### Extracted material
=-=-=

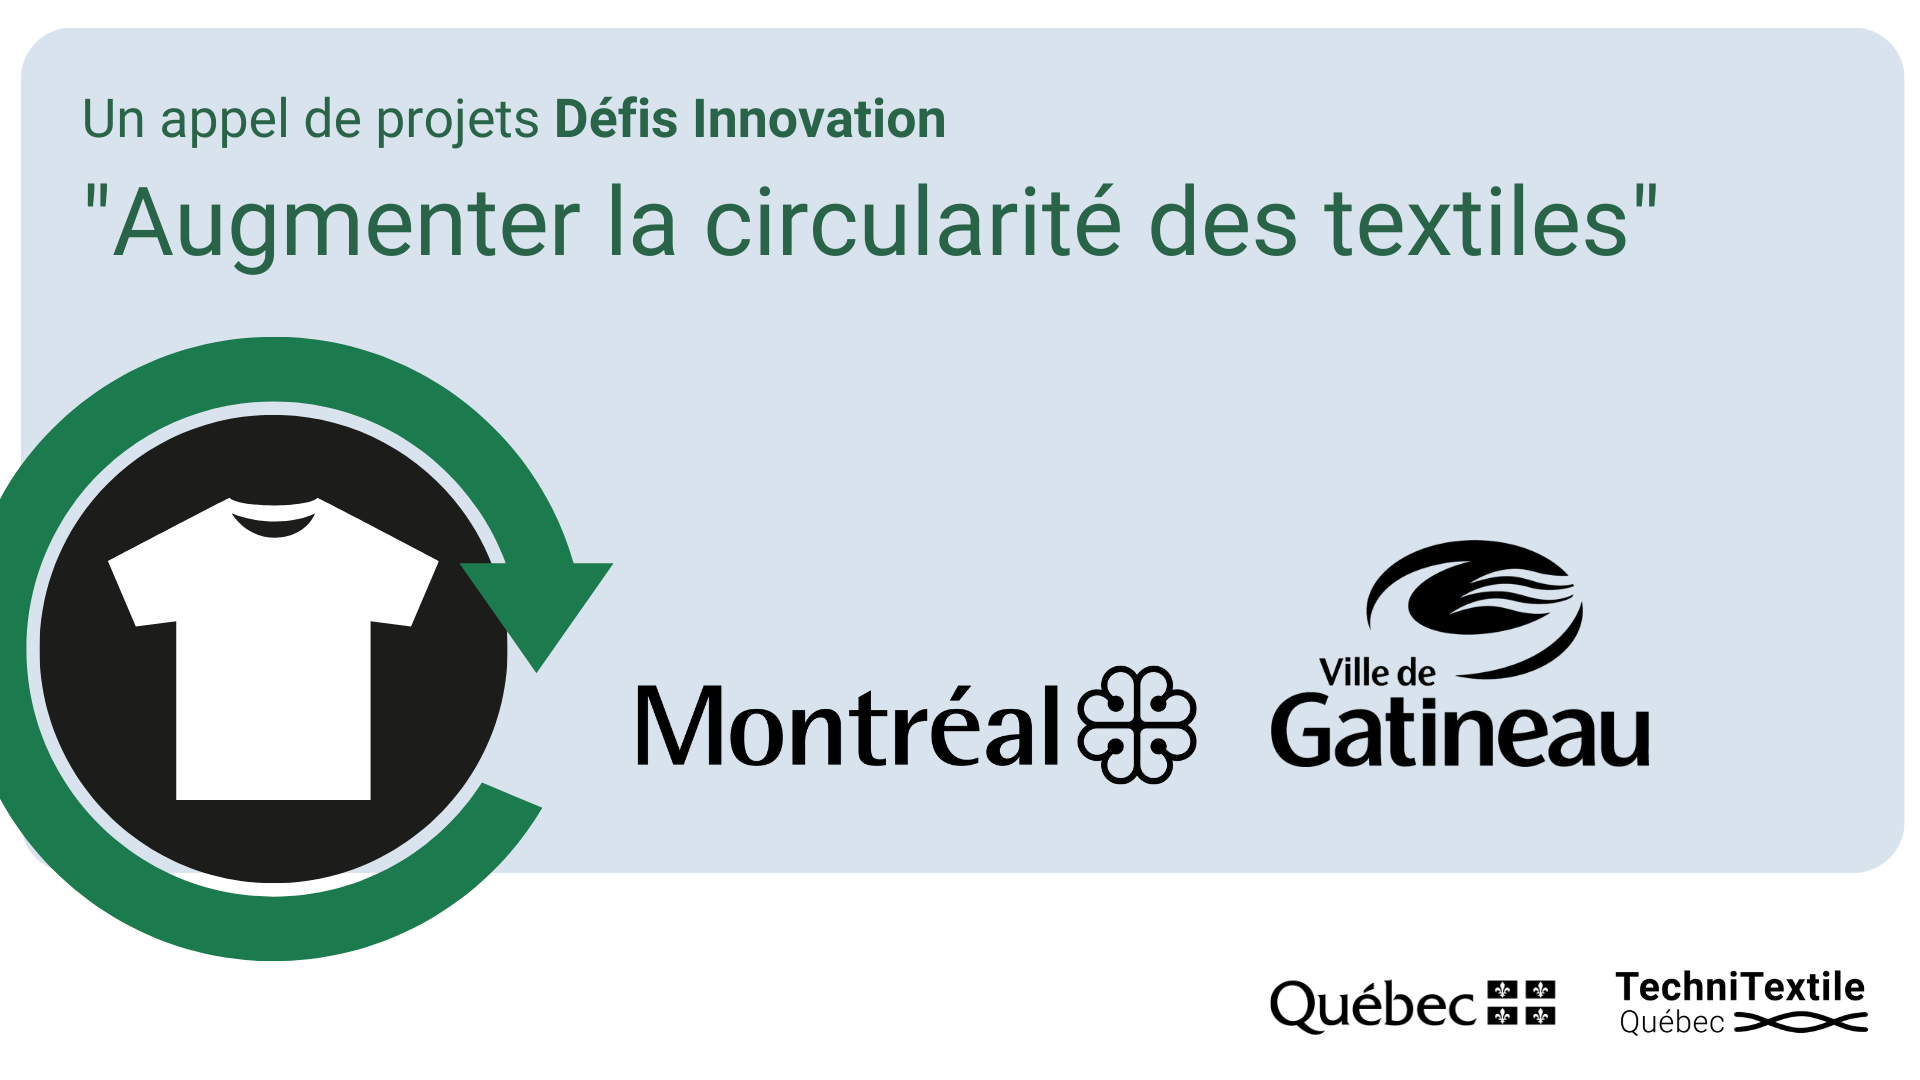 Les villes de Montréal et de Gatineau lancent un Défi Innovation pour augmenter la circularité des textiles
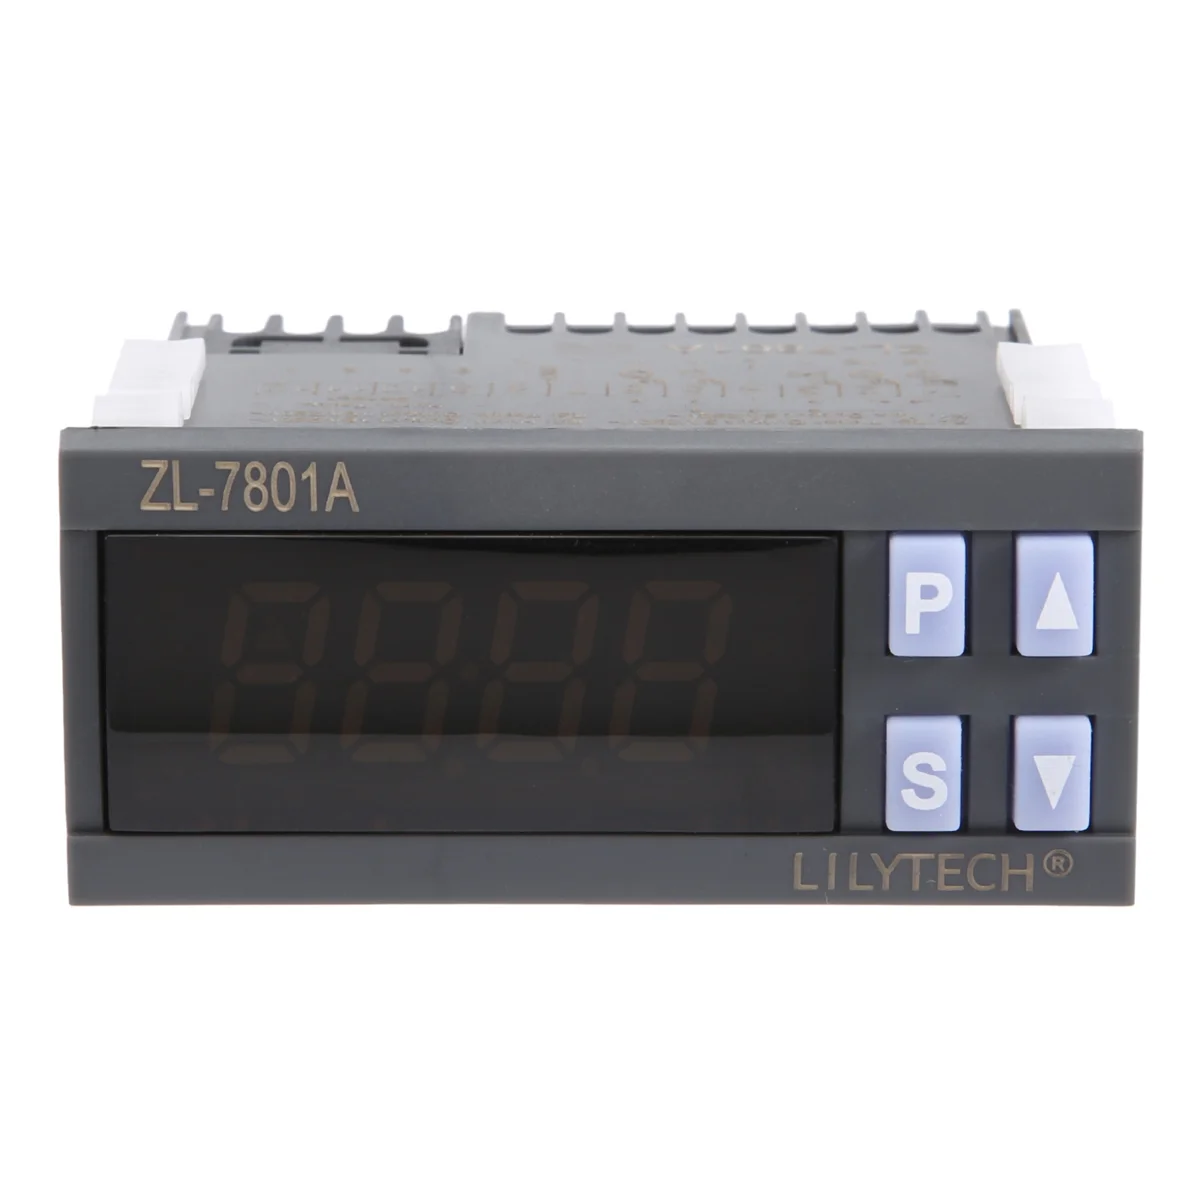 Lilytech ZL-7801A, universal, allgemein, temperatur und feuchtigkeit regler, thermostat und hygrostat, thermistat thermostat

=-=-=

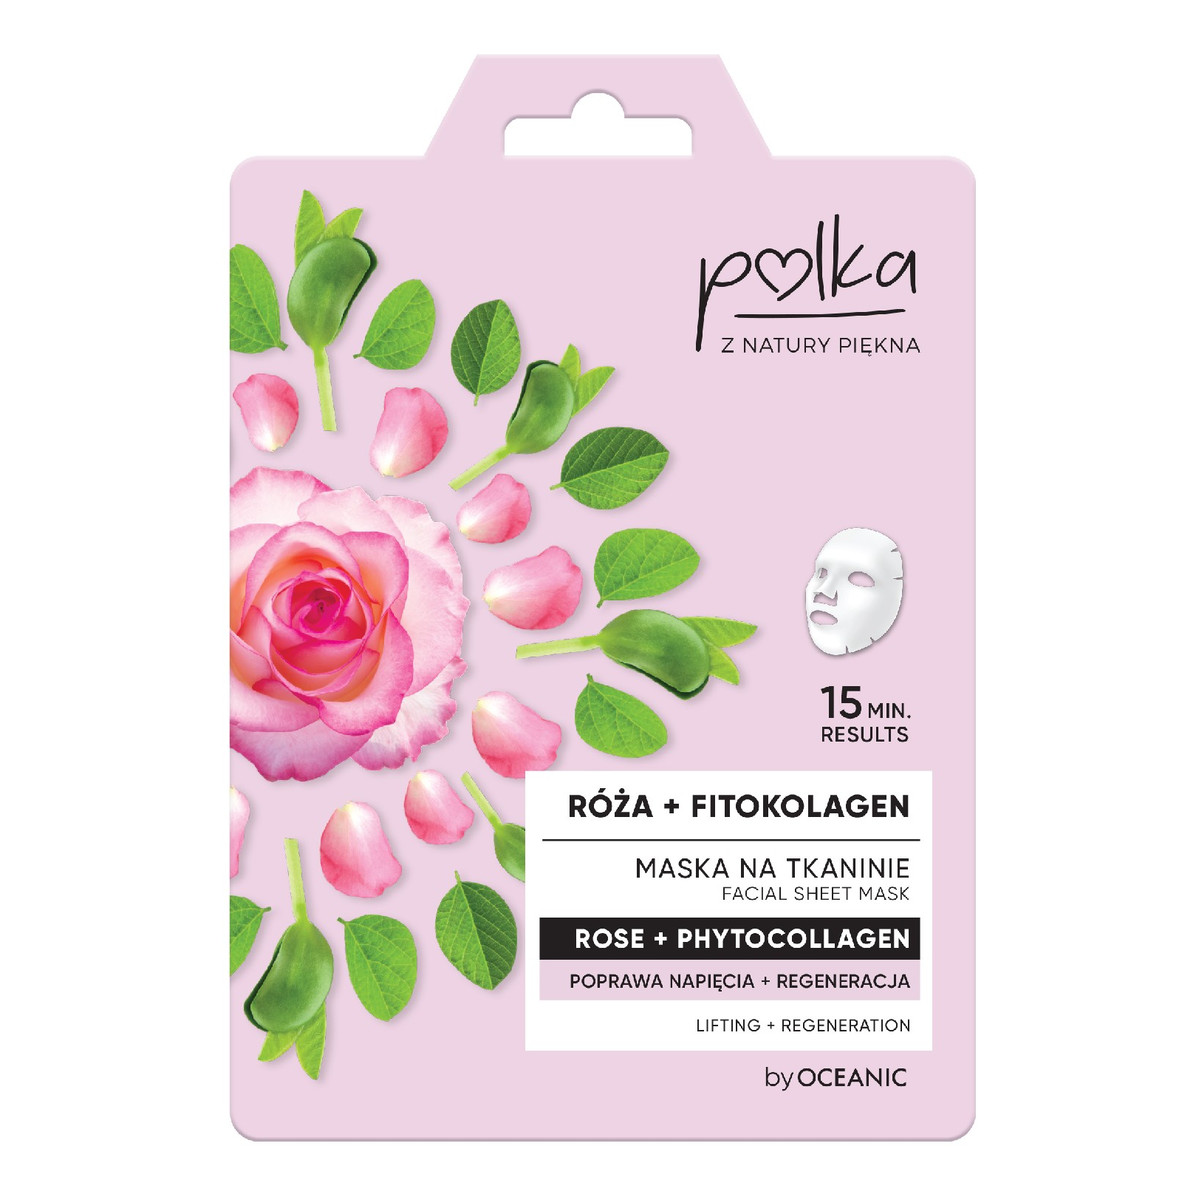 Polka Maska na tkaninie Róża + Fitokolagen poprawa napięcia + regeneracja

=-=-=

### Task details
Your answer should be the lines above, word for word, from the line with "Les villes de" through the line with "Lilytech ZL-7801A, universal, allgemein, temperatur", minus the pictures.

### Answer box
 Les villes de Montréal et de Gatineau lancent un Défi Innovation pour augmenter la circularité des textiles
 Lilytech ZL-7801A, universal, allgemein, temperatur und feuchtigkeit regler, thermostat und hygrostat, thermistat thermostat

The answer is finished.